**Task description:** With the images removed, write out every line below exactly.

**Provided entries:**
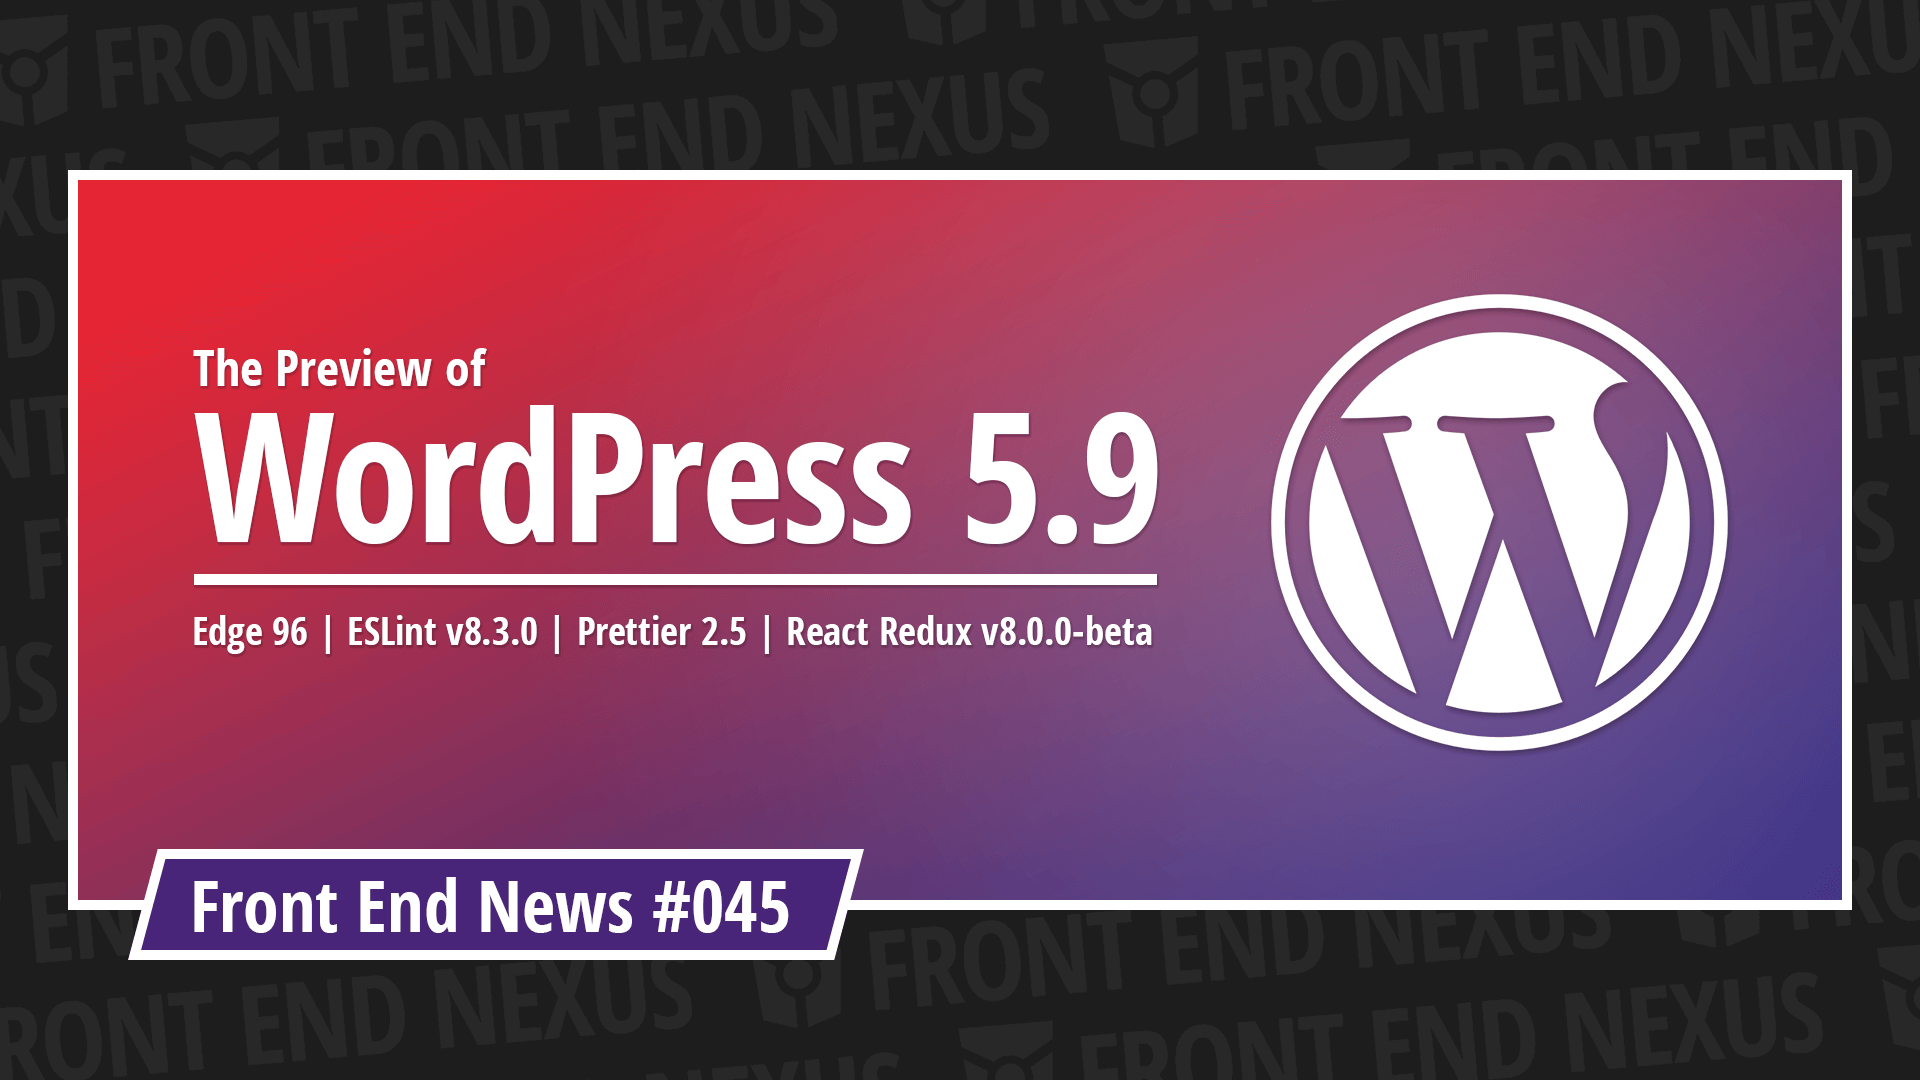 What's coming in WordPress 5.9, Edge 96, ESLint 8.3, Prettier 2.5, and React Redux 8 beta | Front End News #045
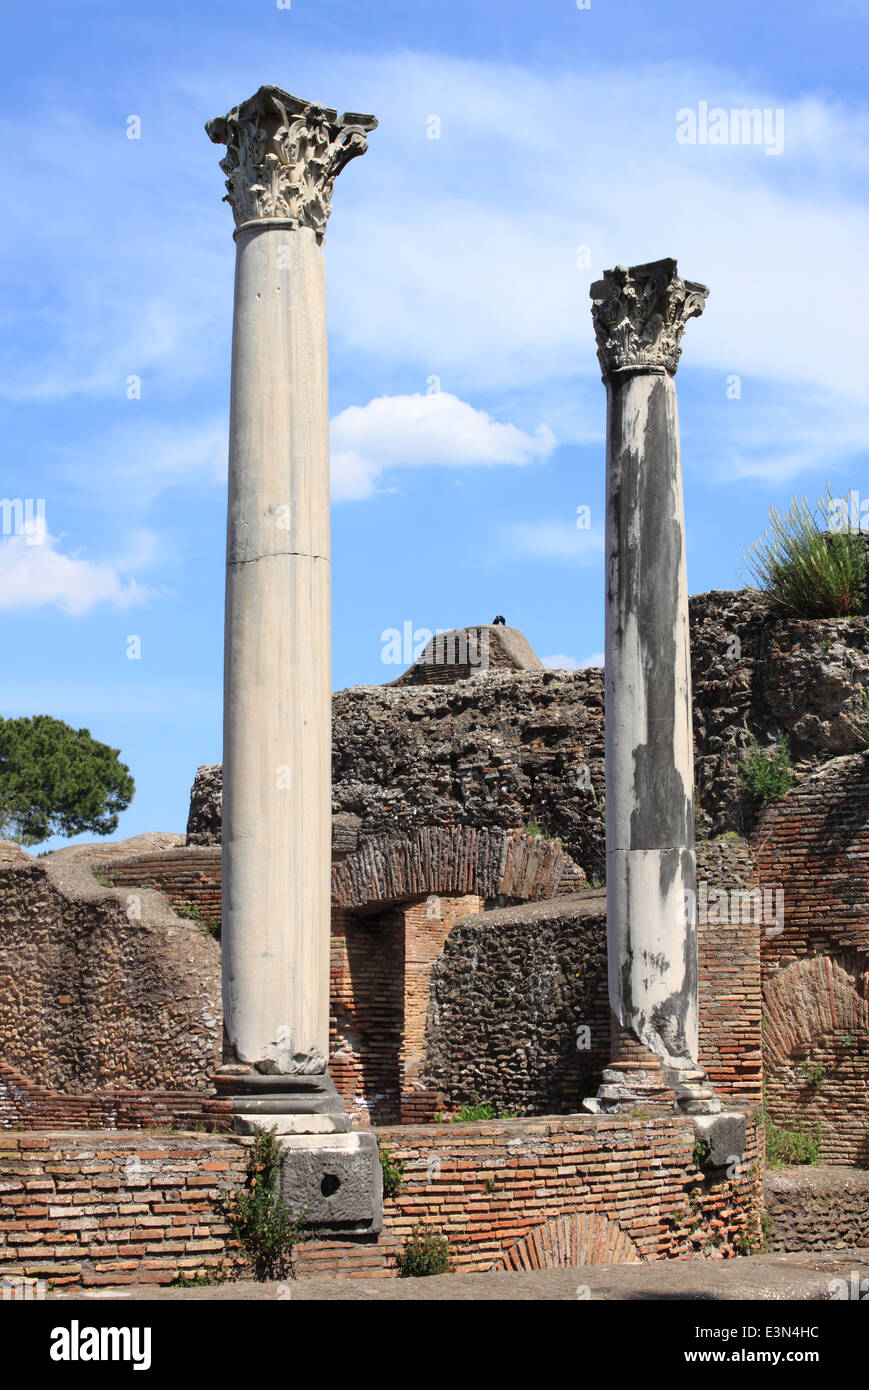 Columns of an ancient roman temple in Ostia Antica, the old harbour of Rome, Italy Stock Photo
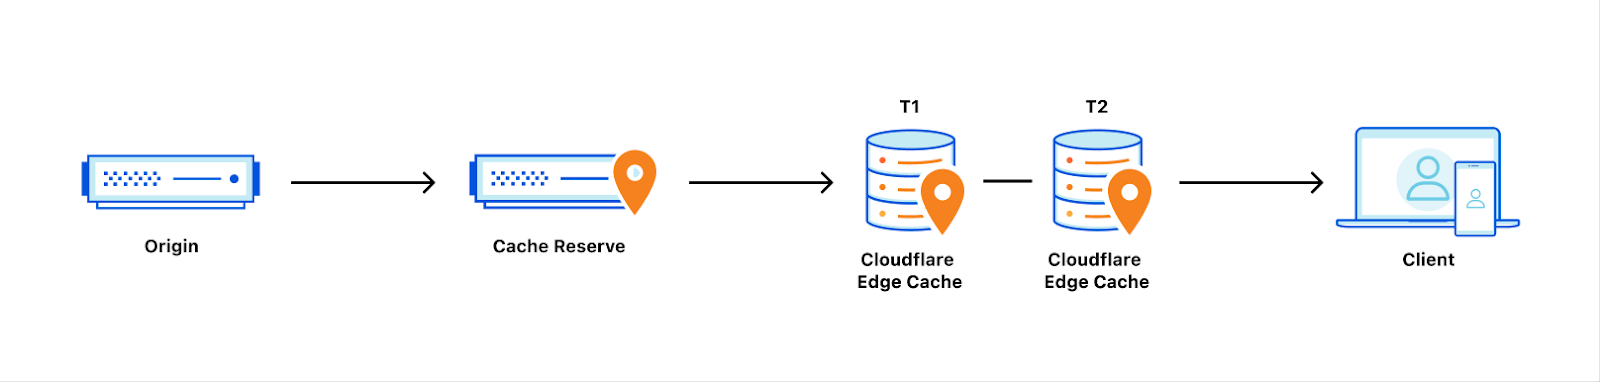 content served from origin and getting cached in Cache Reserve, and Edge Cache Data Centers (T1=upper-tier, T2=lower-tier) on its way back to the client
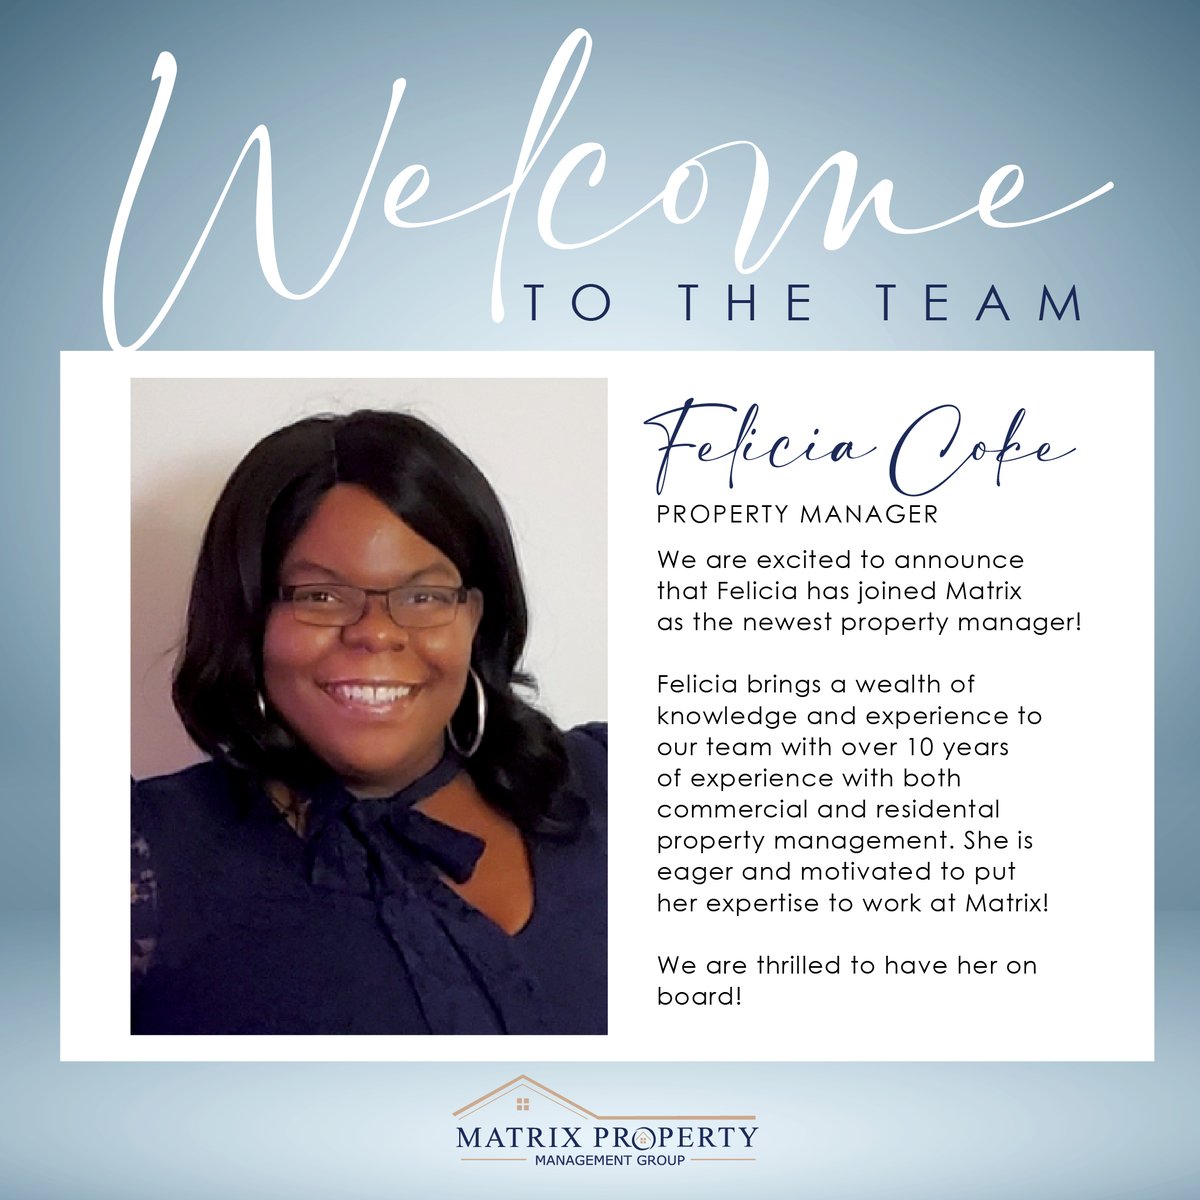 We are so excited to welcome Felicia to our team! Great things are ahead as we continue to grow!

#propertymanager #propertymanagement #communitymanager #communitymanagement #njpropertymanagement #hoa #hoamanagement #homeownersassociation #homeownersassociationsupport #welcome

**Response:**
 What's coming in WordPress 5.9, Edge 96, ESLint 8.3, Prettier 2.5, and React Redux 8 beta | Front End News #045
 Columns of an ancient roman temple in Ostia Antica, the old harbour of Rome, Italy Stock Photo
 content served from origin and getting cached in Cache Reserve, and Edge Cache Data Centers (T1=upper-tier, T2=lower-tier) on its way back to the client
 We are so excited to welcome Felicia to our team! Great things are ahead as we continue to grow!

#propertymanager #propertymanagement #communitymanager #communitymanagement #njpropertymanagement #hoa #hoamanagement #homeownersassociation #homeownersassociationsupport #welcome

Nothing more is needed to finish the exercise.